MewYorker · 05/04/2022 17:31

We have recently moved to a new area and MIL and FIL have asked to come and visit us for a day over Easter so they can see our new home. They will bring with them either 2 or 3 of their adult DC who still live at home. DH isn't particularly close to his family and sees them 2-3 times a year, although less with Covid - just for context.

They will be coming an hour and a half to visit us and I have suggested we go out for Sunday lunch. The plan would be to spend an hour or so seeing our new place, having coffee / drinks etc and then walk to the local.

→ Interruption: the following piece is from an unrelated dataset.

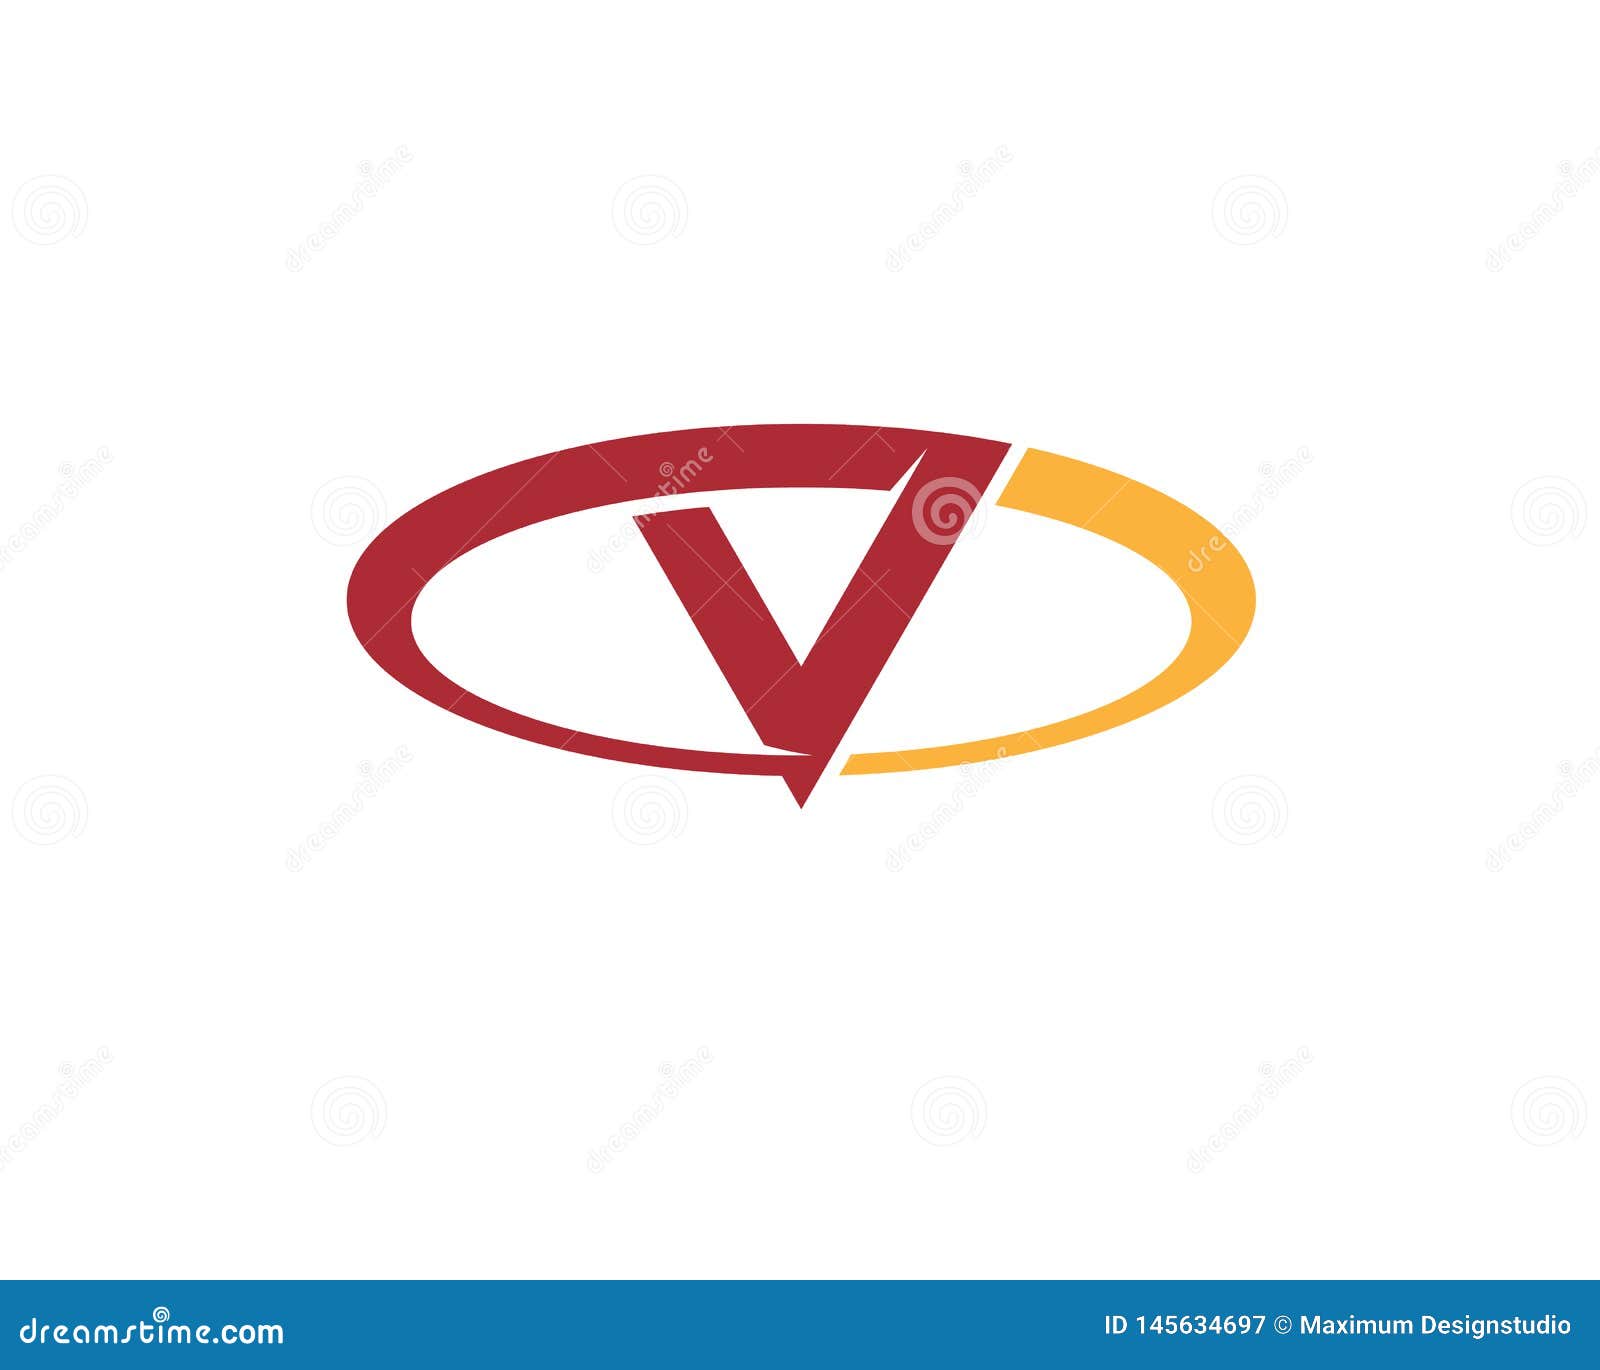 initial letter c v o forming an elipse anagram logo

After that we would walk around the new village and then back to ours for cup of tea etc. we have a 3yo who would go stir crazy being at home all day and who loves getting out and about so this suggestion would be easier for us than me cooking. They seem happy with the idea, and we went to the local pub for lunch when we last visited them.

In this scenario should DH and I pay the whole bill at the pub or is it okay to split it?

OP posts:
Littlemissprosecco · 05/04/2022 17:34

Your idea, you need to be prepared to pay! They may offer of course…..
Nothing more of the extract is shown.